Brief: Without the pictures, write out all the lines below exactly as they appear.

*** Information supplied Section Begins ***

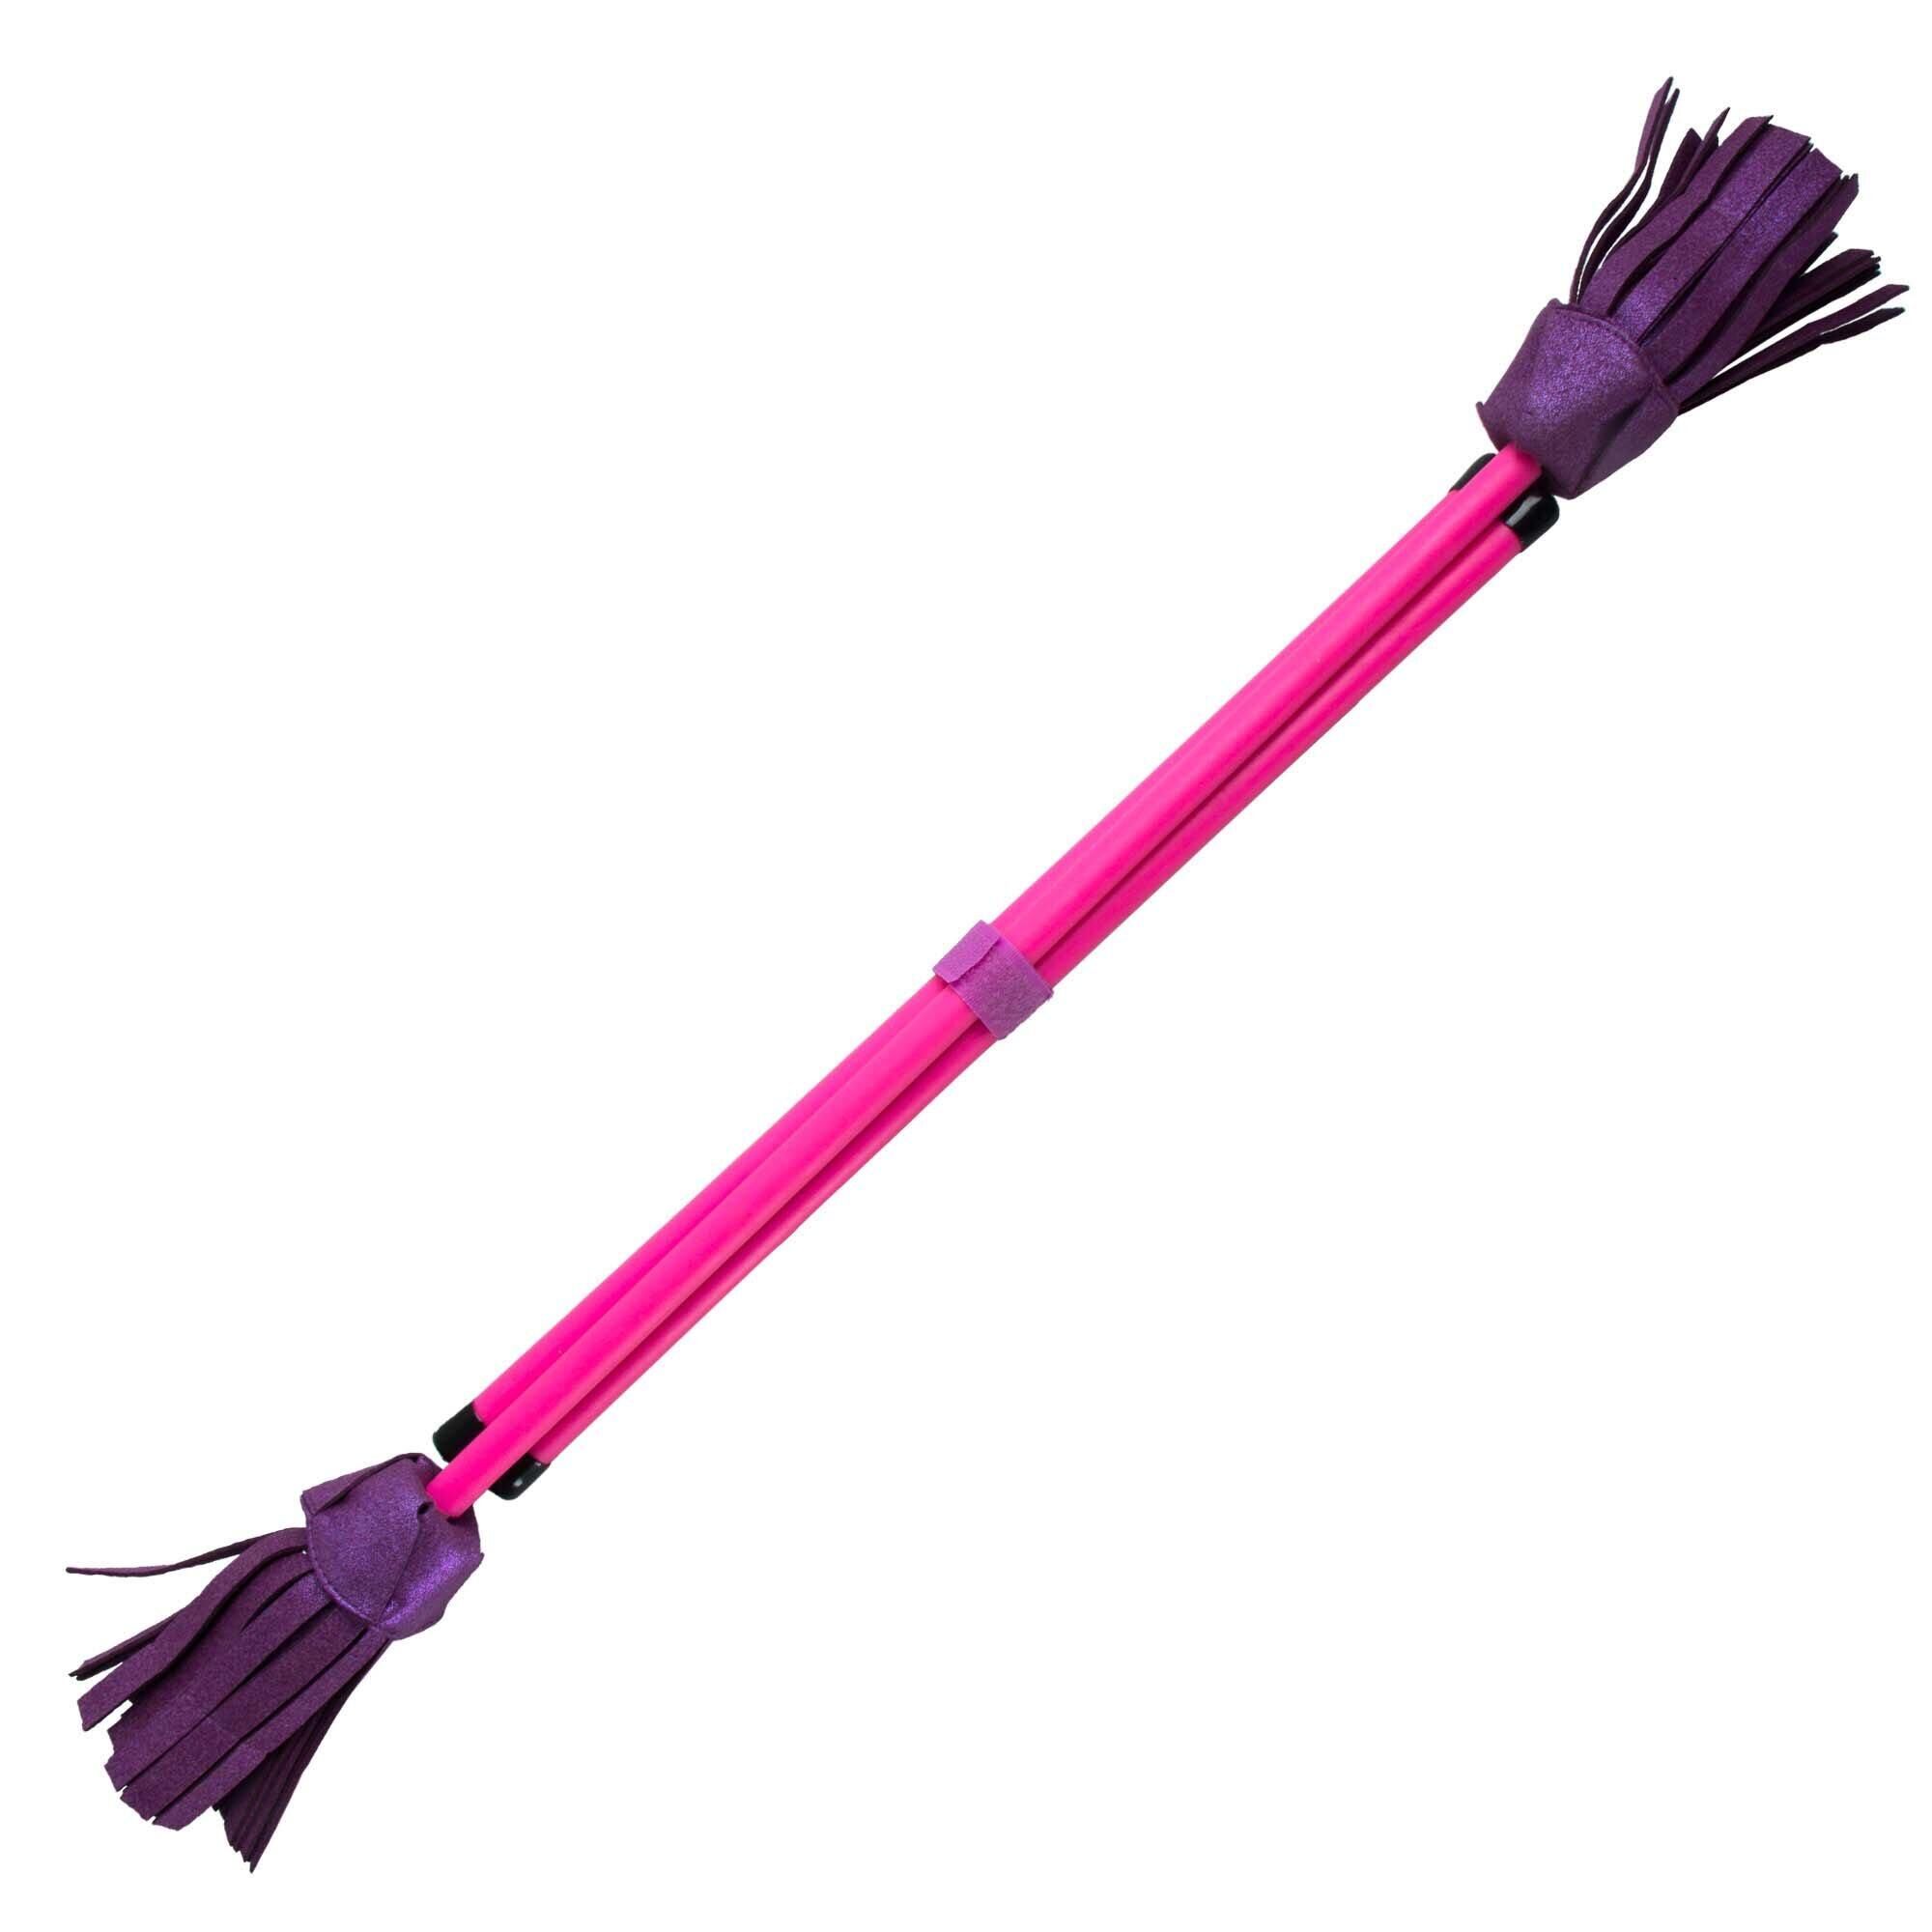 FIRETOYS Neo Fluoro Flower Stick and Hand Sticks-Pink with Purple Tassels
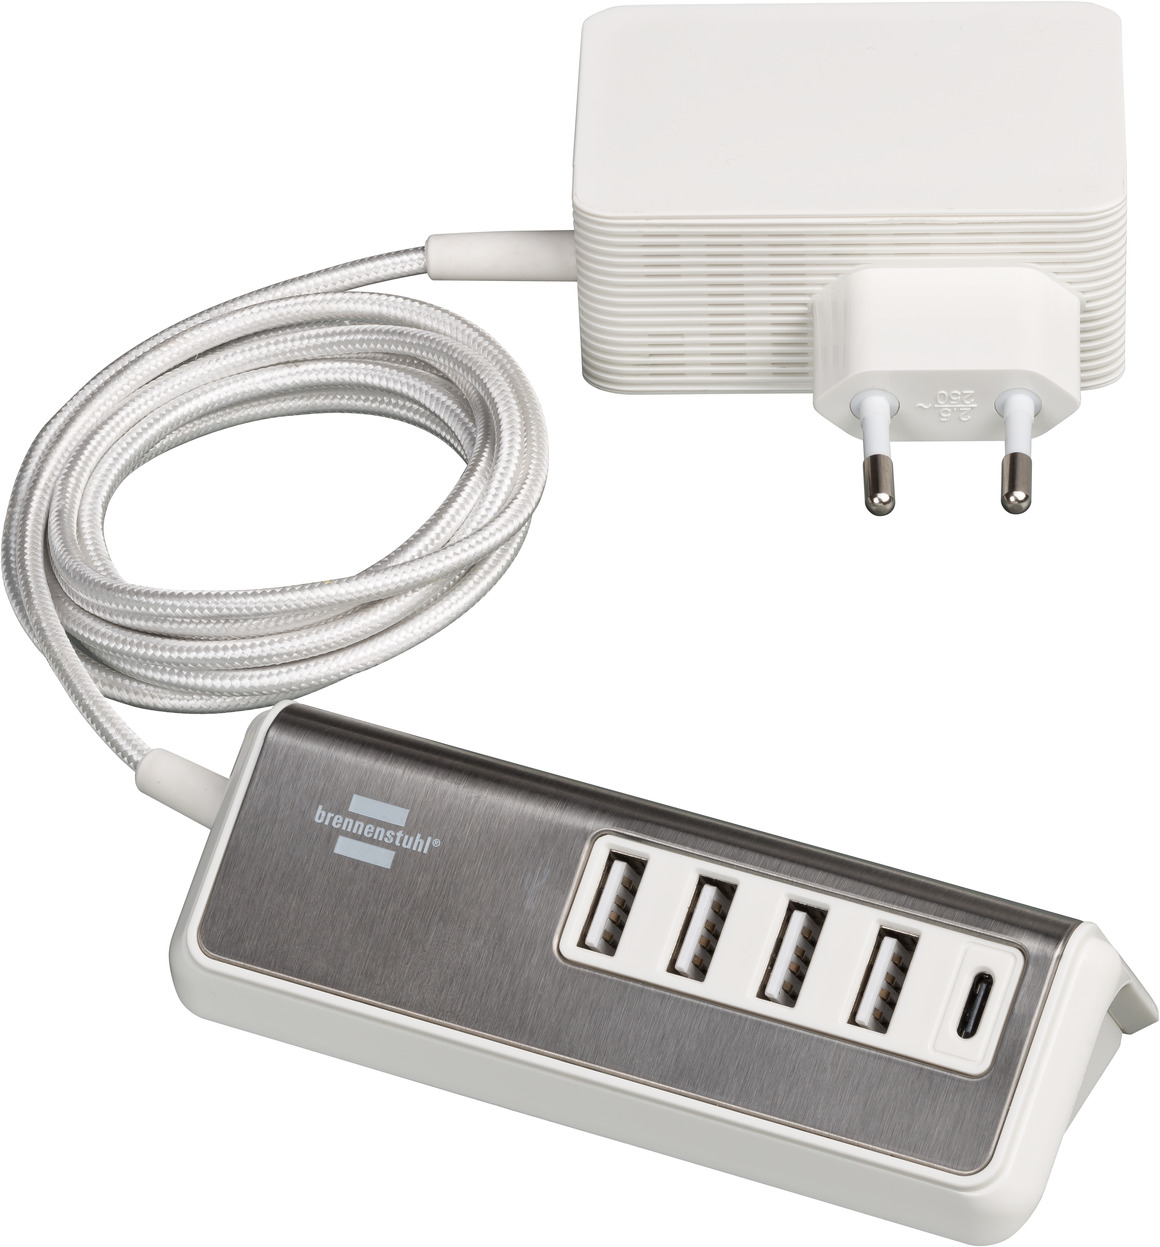 brennenstuhl®estilo USB multi charger with 1.5m textile cable 4x
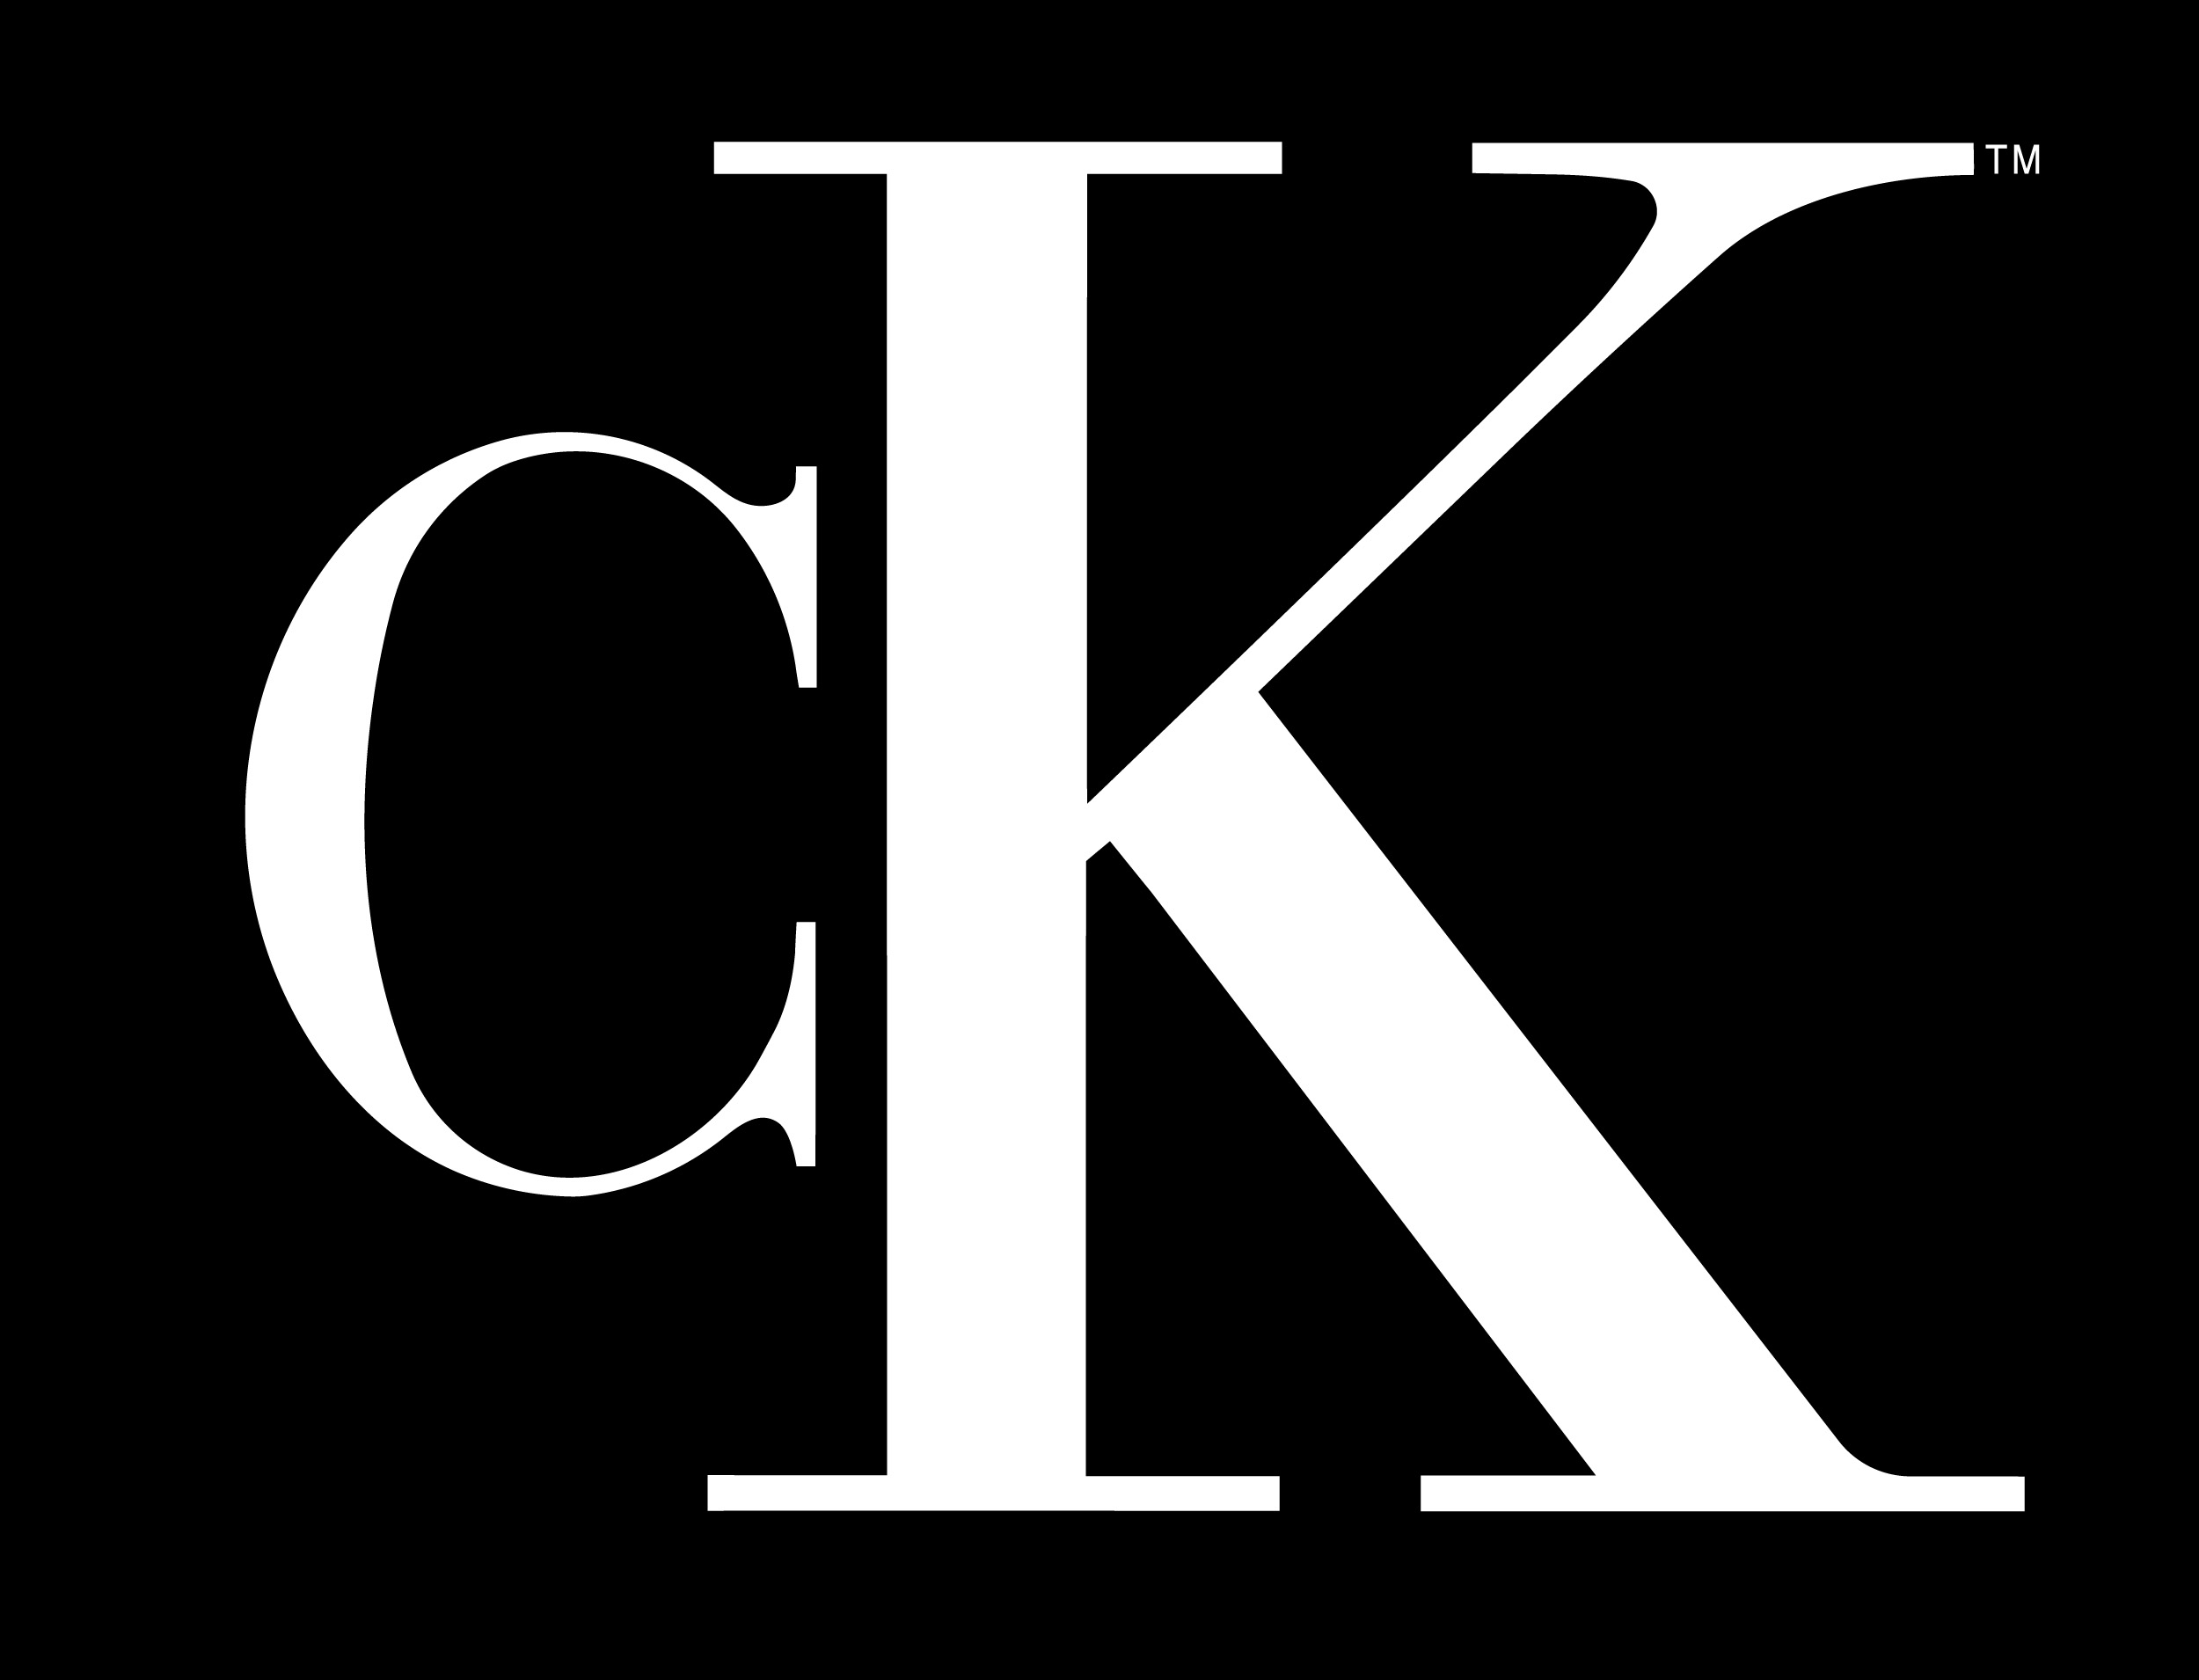 ck logo

*** Information supplied Section Ends ***

Solution to the problem:
 FIRETOYS Neo Fluoro Flower Stick and Hand Sticks-Pink with Purple Tassels
 brennenstuhl®estilo USB multi charger with 1.5m textile cable 4x
 ck logo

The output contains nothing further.